She sprang up in her rustling silks and took a dozen steps towards the door, then turned.
“Do you hear me?” she said. “I bid you remember every word I uttered—every word!”
She was gone, leaving me staring at the flowers and silver and the clustered lights. But I saw them not; for before my eyes floated the vision of a slender hand, and on the wedding-finger I saw a faint, rosy circle, as I had seen it there a moment since, when Dorothy dropped her bare arms on the cloth and laid her head between them.

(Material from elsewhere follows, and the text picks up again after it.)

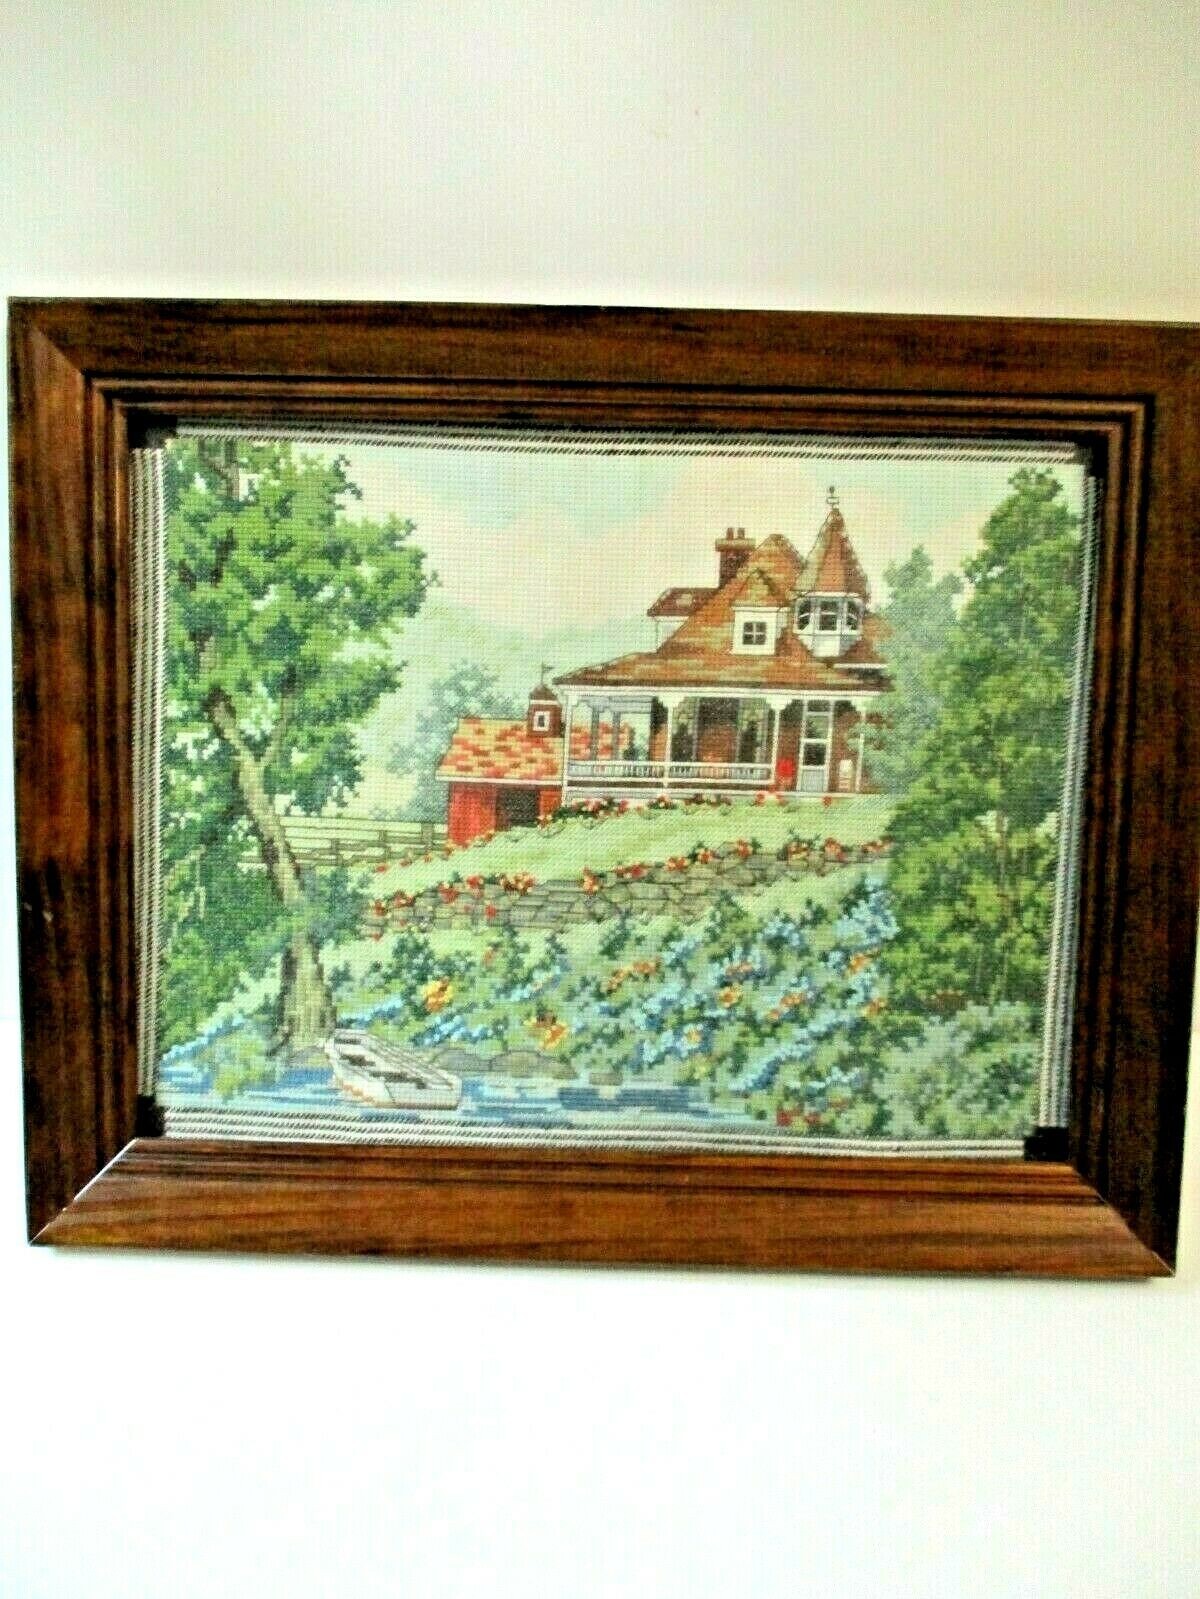 Completed Finished Framed Counted Cross Stitch Farm Water Home Victorian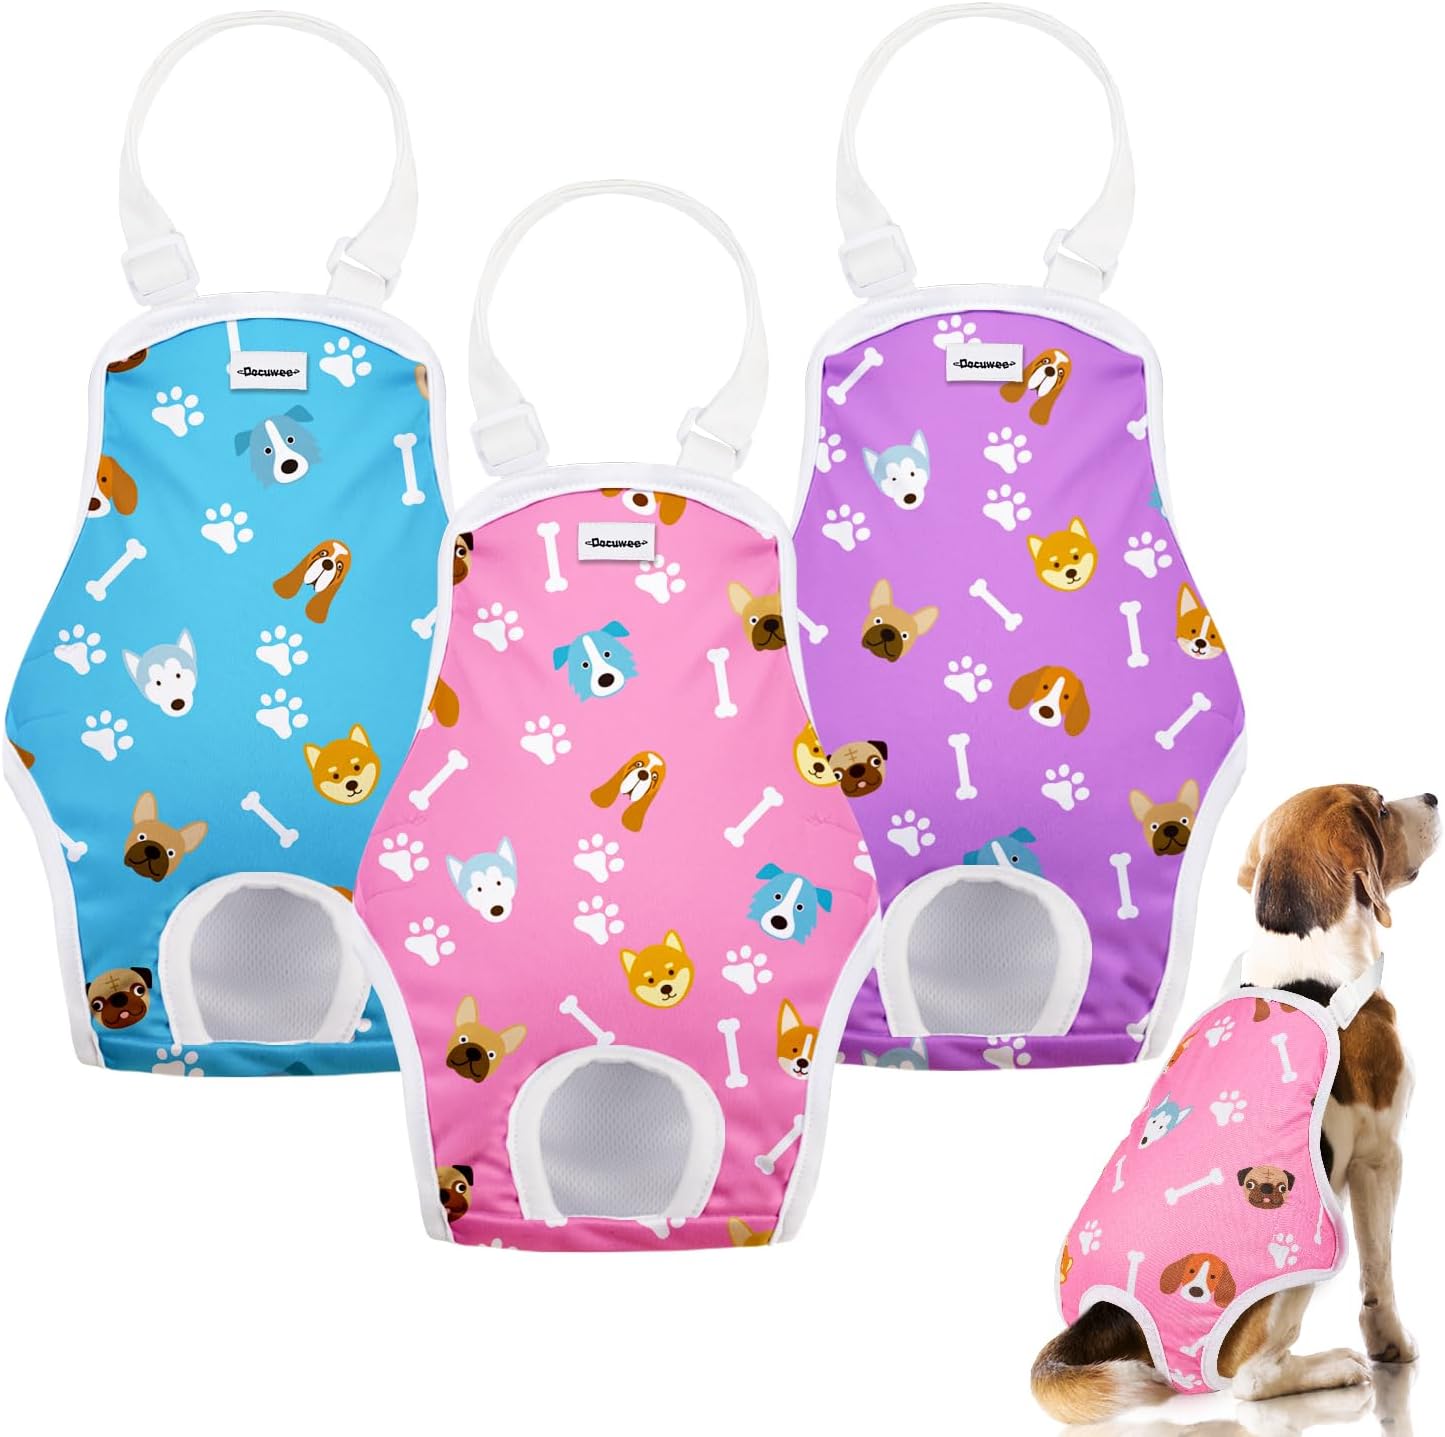 Buy Dog Diaper Sanitary Pantie with Suspender，Pet Physiological Pants  Adjustable Cozy Underwear for Female Girl Dogs，Breathable Cotton Briefs for  Teddy Corgi French Bulldog Puppy Online at Low Prices in India - Amazon.in

So it was true; whether for good or ill my cousin wore the ghost-ring which for ages, Cato says, we Ormonds have worn before the marriage-ring. There was Ormond blood in Dorothy. Did she wear the sign as prophecy for that ring Sir George should wed her with? I dared not doubt it—and yet, why did I also wear the sign?
Then in a flash the forgotten legend of the Maid-at-Arms came back to me, ringing through my ears in clamorous words:
“Serene, ’mid
love’s alarms,
For all time shall the
Maids-at-Arms,
Wearing the ghost-ring,
triumph with their constancy!”
I sprang to the door in my excitement and stared at the picture of the Maid-at-Arms.
Sweetly the violet eyes of the maid looked back at me, her armor glittered, her soft throat seemed to swell with the breath of life.
Then I crept nearer, eyes fixed on her wedding-finger. And I saw there a faint rosy circle as though a golden ring had pressed the snowy flesh.